The market is pricing the version of events where something happens - not necessarily the clean 20-year deal Washington wants, but enough de-escalation to remove the imminent-conflict premium. That is a tradeable gap between "very good chance" and the actual text of any agreement. If the deal falls apart, the premium could come back. But right now, the market is betting that the thing that was pushing the dollar up was never about the dollar at all.

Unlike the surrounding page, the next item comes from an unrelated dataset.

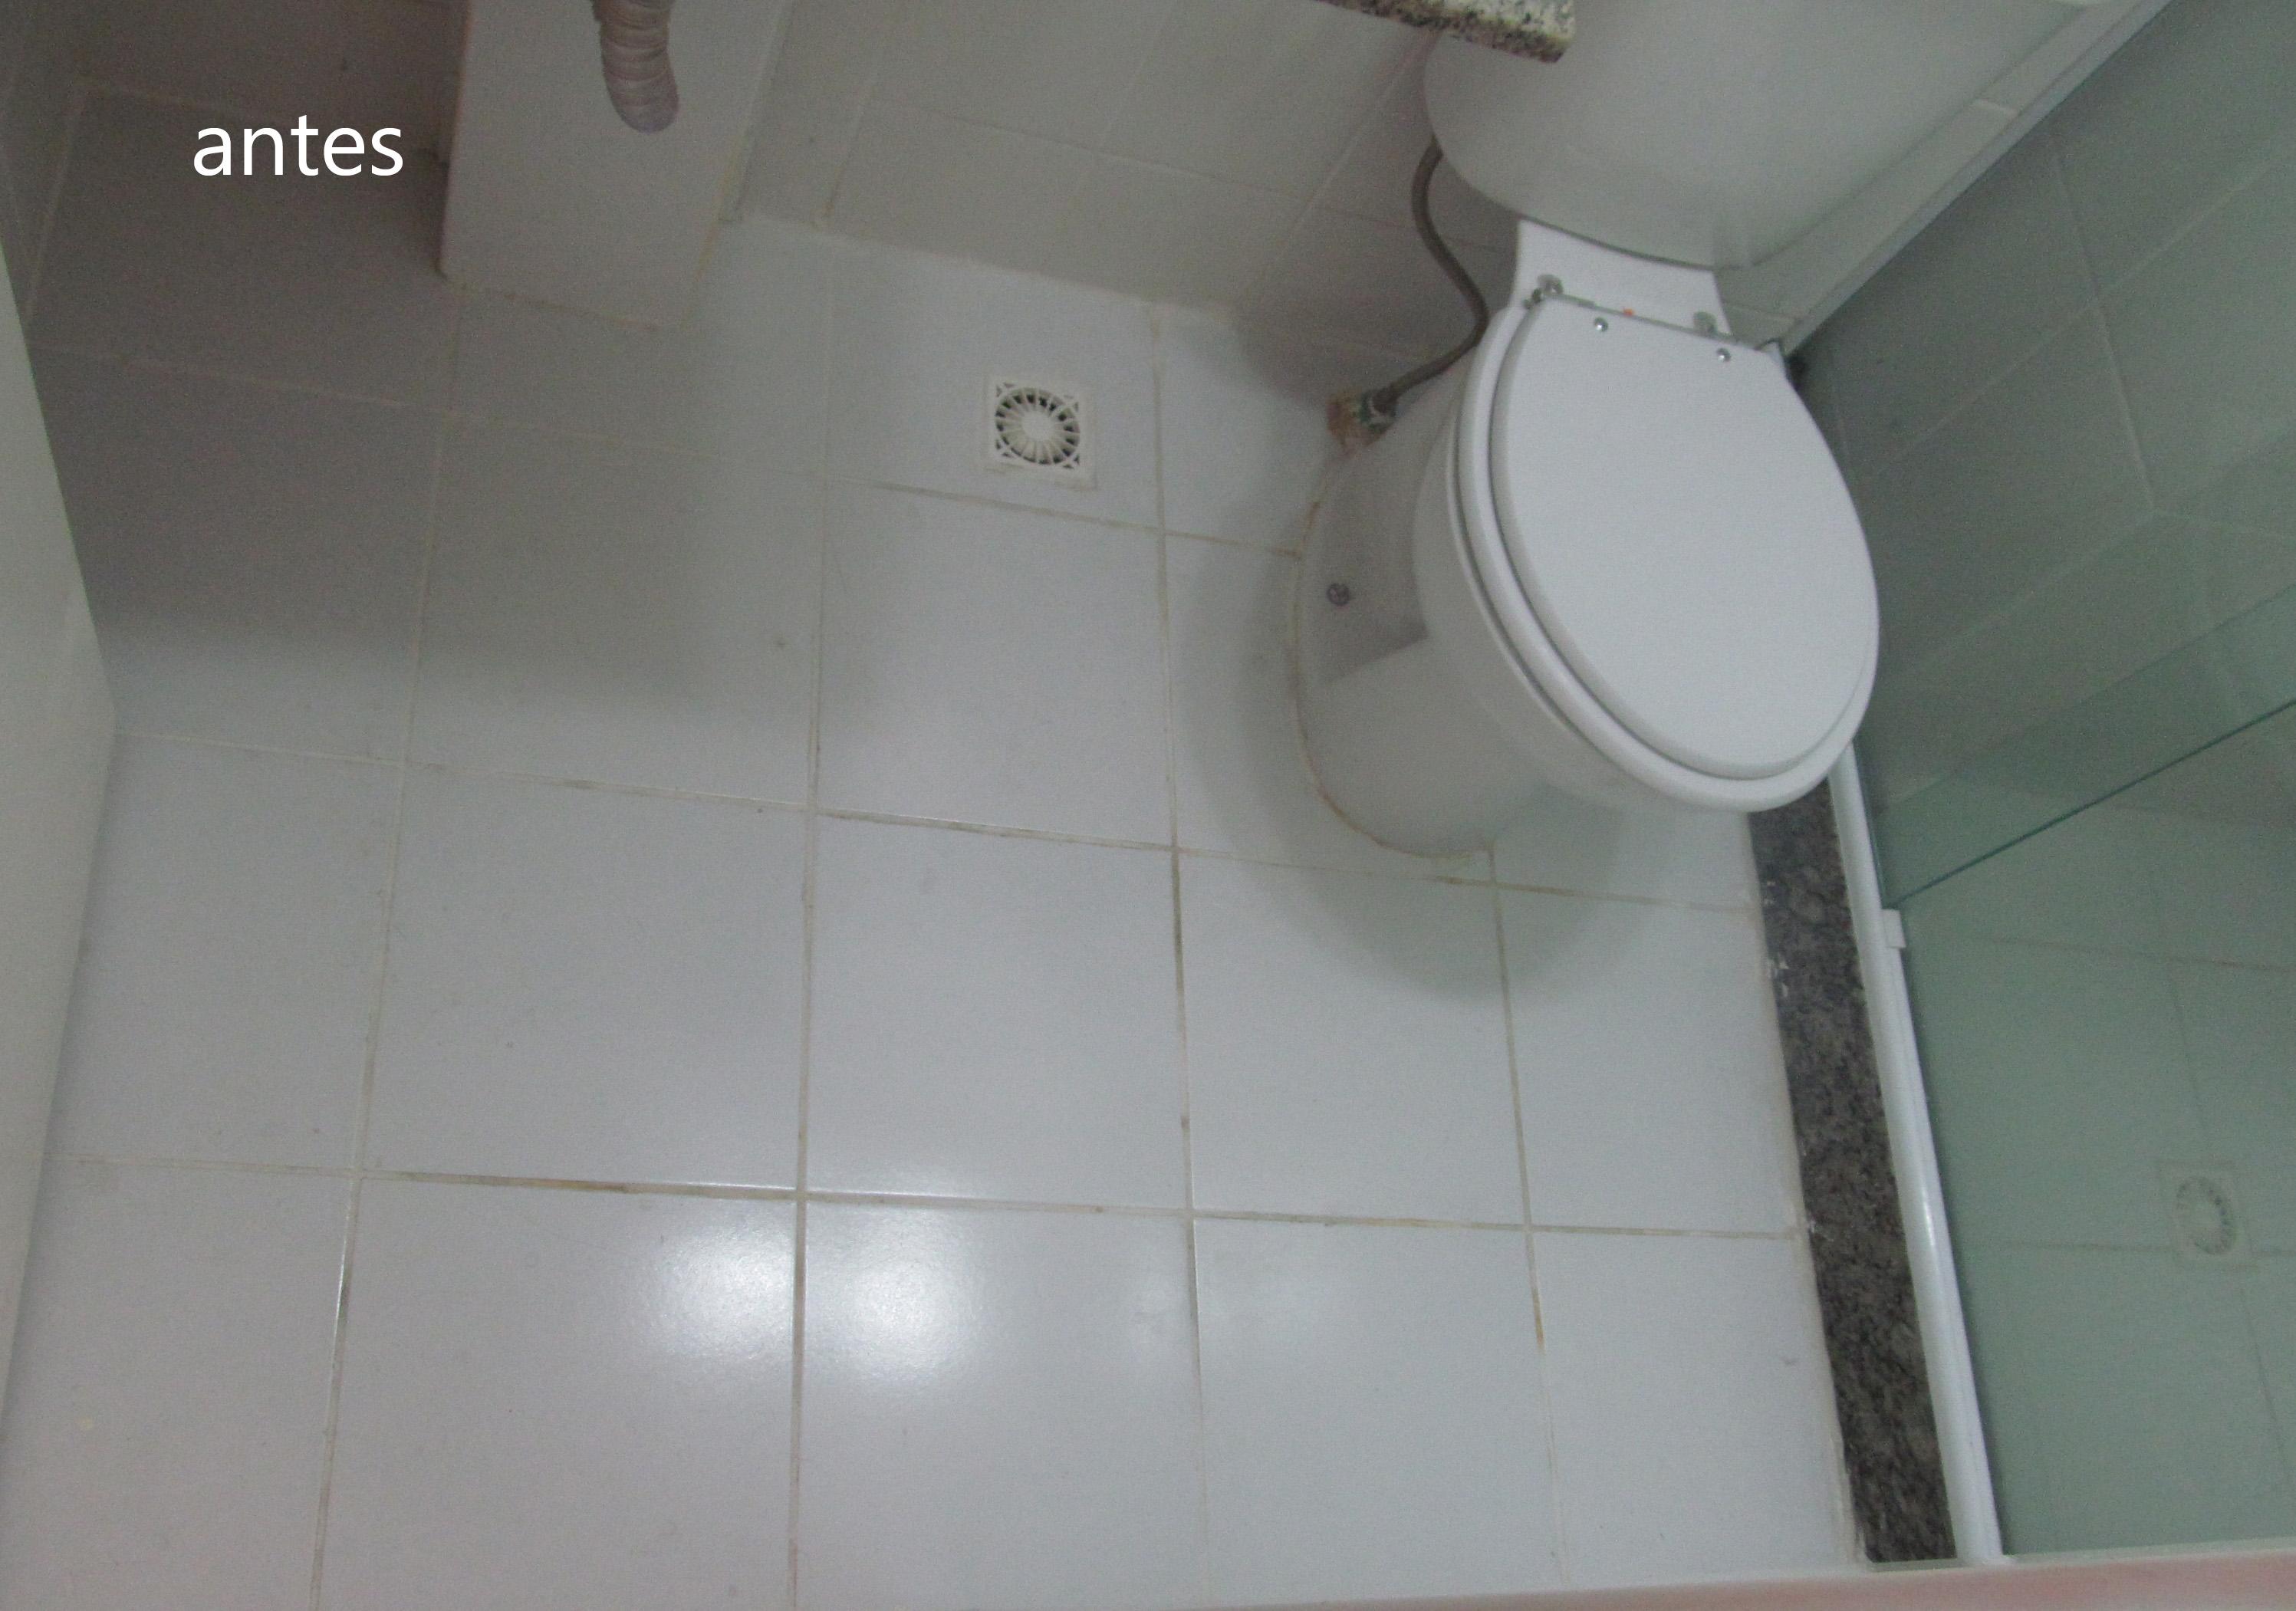 Porcelanato ou Deck de Madeira? Revestindo Banheiro e Varanda a saga  #515E58 2994x2101 Banheiro Com Piso De Porcelanato

The yen piece is where the plumbing gets more interesting. USD/JPY - the exchange rate you look at to see how many yen buy one dollar - breached above 160 (21-month high at the end of April, a 21-month high. That number matters because 160 is the level where the Japanese government's tolerance for a weak yen runs out. Japan intervened in the foreign exchange market on April 30, and then intervened again during the Golden Week holiday in early May. The yen briefly strengthened to around 155, then surrendered more than half of its gains.
As of May 20, USD/JPY sits around 158.8490. The Japanese Ministry of Finance has vowed to "shield" the yen. On May 19, the pair pushed toward 159 before finding some stability.
Here is the mechanical problem. The yen is weak because Japanese interest rates are still very low relative to the US. The BOJ has been painfully slow to raise rates. That interest rate differential is the gravity well pulling yen sellers. Japan can intervene - the Ministry of Finance sells dollars and buys yen - and it can move the price for a few days. But intervention does not change the interest rate differential. It is a temporary dam on a permanent flow. Once the intervention stops, the yen drifts back toward 160 unless the BOJ does something to close the rate gap.
Japan has already intervened twice in about a week. That is the "yen bazooka" strategy: fire a big shot, buy some political breathing room, then hope the market forgets. The problem is the market remembers, and the interest rate differential keeps pushing it back. Every intervention is a signal that the BOJ is behind the curve on rates and has to use the foreign exchange buffer to make up for it.
The simplest model is this: the dollar's 2026 rally was a geopolitical risk premium, not a fundamental strength signal. It was paid into the dollar because the dollar is liquid, big, and the default choice when oil might get disrupted and supply chains might break. Now that the disruption risk is fading, the premium is unwinding. The dollar is not collapsing - it is just returning to whatever its baseline is when the Middle East isn't about to catch fire.
The yen story is an adjacent mechanical issue. The BOJ is trapped between raising rates aggressively (which would hurt a fragile domestic economy) and letting the yen slide (which creates political liability and import inflation). Intervention is the middle path: expensive, temporary, and increasingly visible. It works until it doesn't, and right now it is approaching the "doesn't" part.
The structural implication is straightforward. The dollar's recent strength was borrowed - from fear, not from economic fundamentals. The question is what happens to it once the war premium is gone and the Fed is still dealing with the inflation legacy of tariffs and rate cuts. That is a different story. But it is the one that actually matters.